Further, also include:
Using described reverse vocabulary, described quasi- incident data collection D21 is filtered, i.e. described pin be aligned burst thing Part data set D21, is mated using the reverse word in described reverse vocabulary, if the match is successful, is marked the data as standard Non-burst event data, otherwise labelling be defined incident data, ultimately generate quasi- incident data collection D31 and quasi- non-burst Event data collection D30.
Further, also include:
Based on described quasi- incident data collection D31, described reverse vocabulary is updated, is increased income using Word participle Assembly carries out participle, part-of-speech tagging and word frequency statisticses to described quasi- incident data D31, only retains noun therein and moves Word;Lexical item in noun and verb that data prediction obtains, with training dictionary carries out duplicate checking, determines whether neologisms, if It is neologisms, then carries out reverse word analysis, be added simultaneously to train dictionary and update, otherwise wait for new data;New for obtain Word, is ranked up from high to low according to word frequency, and the higher word of prioritizing selection word frequency is as newly-increased reverse word;Newly reverse by obtain Word is added to reverse vocabulary and updates, and, for described incident data collection D31, is carried out using newly-increased reverse word meanwhile Filter, updates described quasi- incident data collection D31 and described quasi- non-burst event data collection D30.
Further, also include:
Evaluation to one or more vocabulary performances in denoising summary table, combination vocabulary and reverse vocabulary, that is, count quasi- burst Event data concentrates the quantity of correct accident, and the accuracy of data is evaluated;Then in conjunction with quasi- incident data The quantity of correct accident and quasi- non-burst event data is concentrated to concentrate the quantity of correct accident, comprehensive to data Evaluated, be finally completed the assessment to vocabulary performance.

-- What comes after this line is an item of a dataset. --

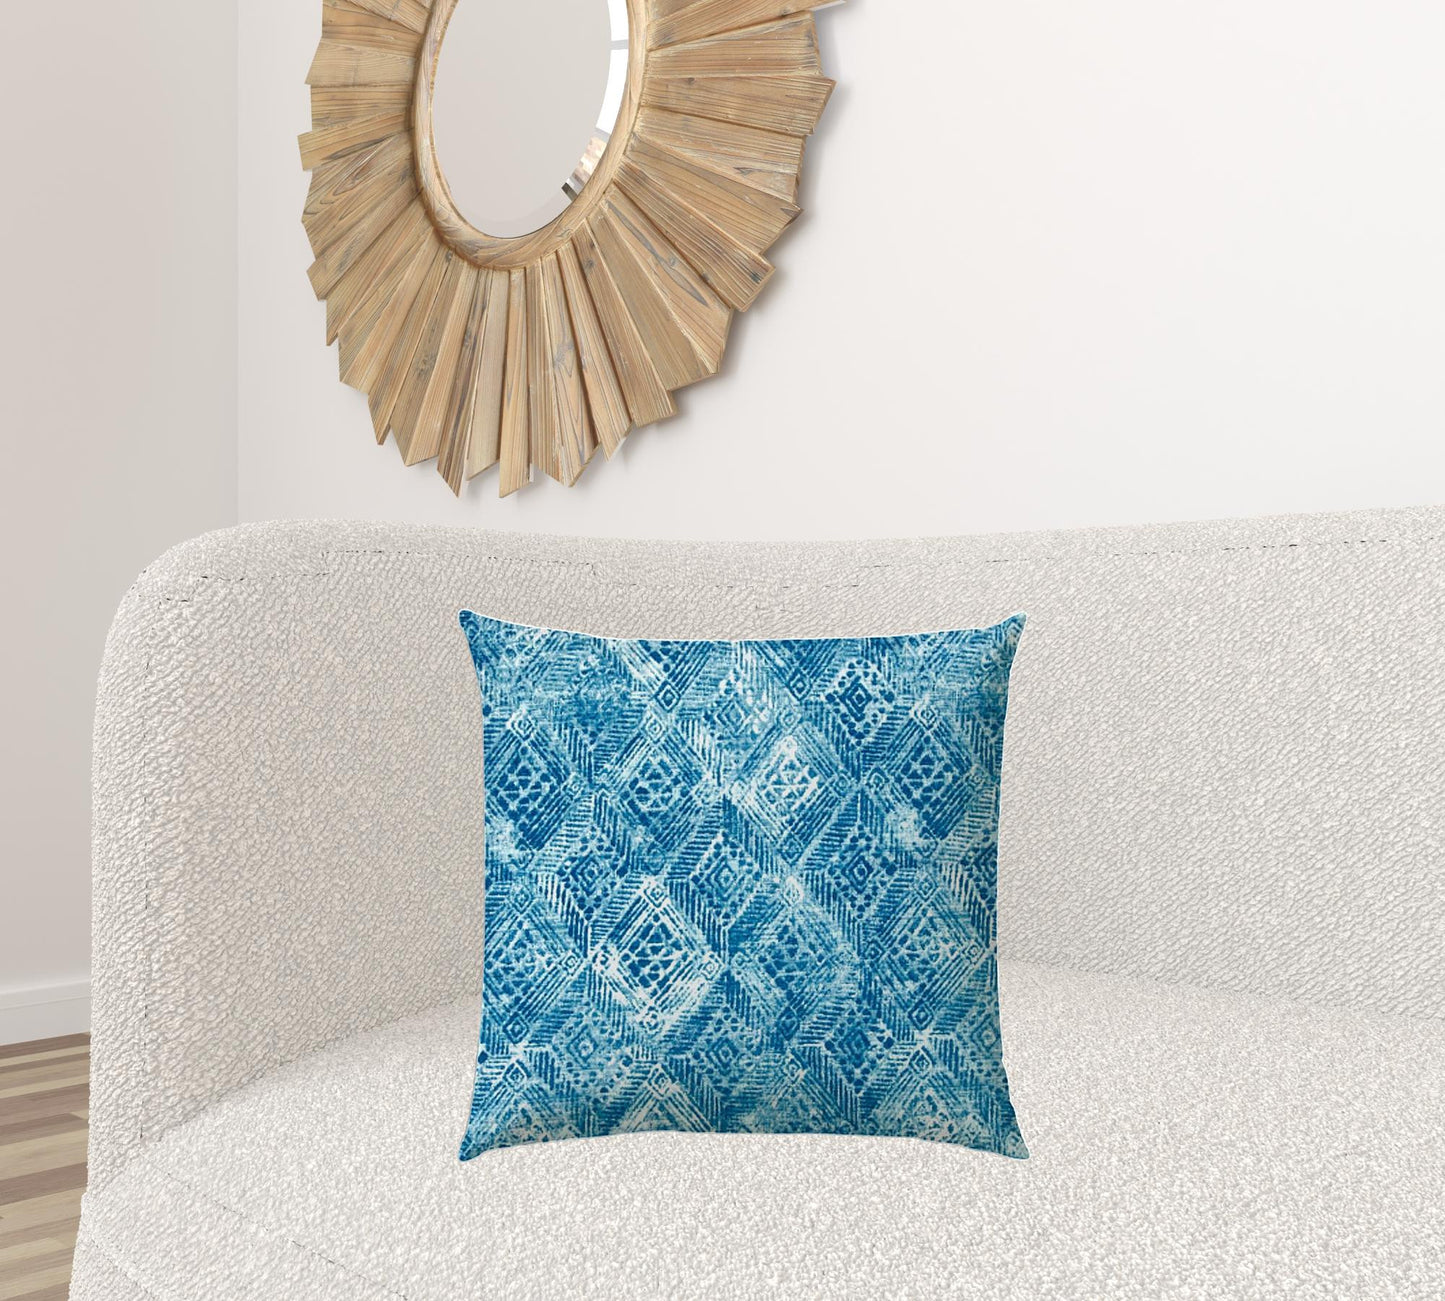 20" X 20" Blue And White Blown Seam Ikat Throw Indoor Outdoor Pillow

Present invention also offers a kind of screening plant of incident data, including:
Vocabulary construction unit, for building denoising summary table, combination vocabulary and reverse vocabulary;
Data screening unit, for according in described denoising summary table, described combination vocabulary and described reverse vocabulary Individual or multiple, the accident related data collecting is screened.
Further, described vocabulary construction unit at least includes following one or more modules:
First structure module, for using natural language analysis technology, carrying out pretreatment to data, is divided by quasi- denoising word Analysis, realizes the structure of basic denoising summary table and denoising summary table;
Second structure module, for based on described denoising summary table, using natural language analysis technology, carrying out pre- place to data Reason, the noun obtaining and verb are carried out Co-occurrence Analysis with described denoising summary table, select to realize combination vocabulary by portmanteau word Build;
3rd structure module, for based on described combination vocabulary, using natural language analysis technology, carrying out pre- place to data Reason, realizes the structure of reverse vocabulary by the analysis of reverse word.

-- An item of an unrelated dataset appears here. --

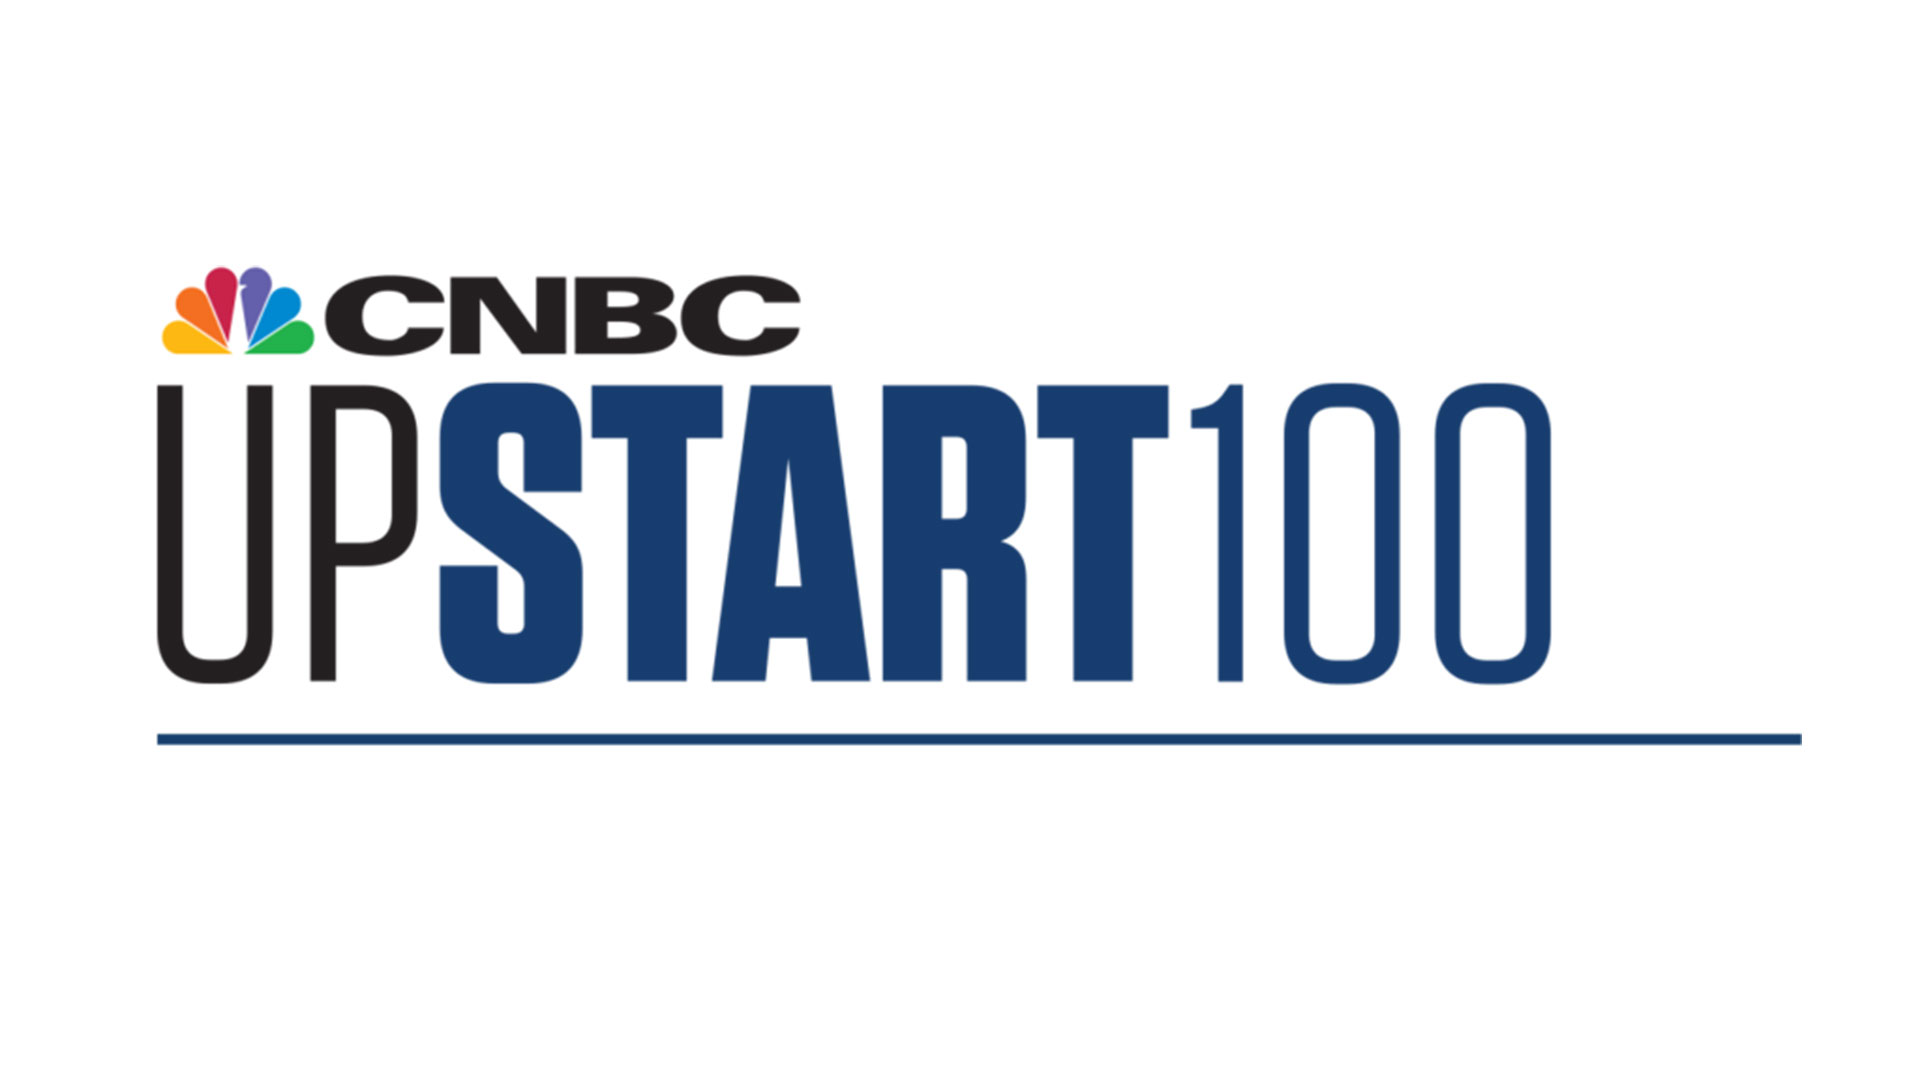 Hypergiant Makes CNBC 100 Promising Startups to Watch List

Further, described first build module specifically for according to described basic denoising summary table, using denoising word coupling Historical data is filtered, obtains training set TD1;Based on the data in described training set TD1, according to whether for accident Data is marked, and finally gives incident data training set TD11 and non-burst event data training set TD10;Using Word participle increase income assembly respectively the data in described training set TD11 and TD10 is carried out participle, part-of-speech tagging and word frequency system Meter, only retains noun therein and verb, and the lexical item of reservation is added in keywords database;Through above-mentioned data prediction, will The lexical item that described incident data training set TD11 obtains, is ranked up from high to low according to word frequency, through the analysis of quasi- denoising word, The higher word of prioritizing selection word frequency, as denoising word, generates denoising summary table.
Further, described second build module specifically for according to described denoising summary table, selecting correctly to happen suddenly in right amount Event history data generates incident data training set TD21;For described incident data training set TD21, utilize Word participle assembly of increasing income carries out participle and part-of-speech tagging, retains noun therein and verb;For noun obtained above and Verb, carries out Co-occurrence Analysis with the denoising word in described denoising summary table respectively, and the co-occurrence frequency is counted, obtain co-occurrence word Set, described co-occurrence set of words is saved in co-occurrence dictionary simultaneously;For described co-occurrence set of words, according to the co-occurrence frequency by height It is ranked up to low, in conjunction with described denoising summary table, the higher co-occurrence word of the prioritizing selection frequency, as portmanteau word, generates portmanteau word Table.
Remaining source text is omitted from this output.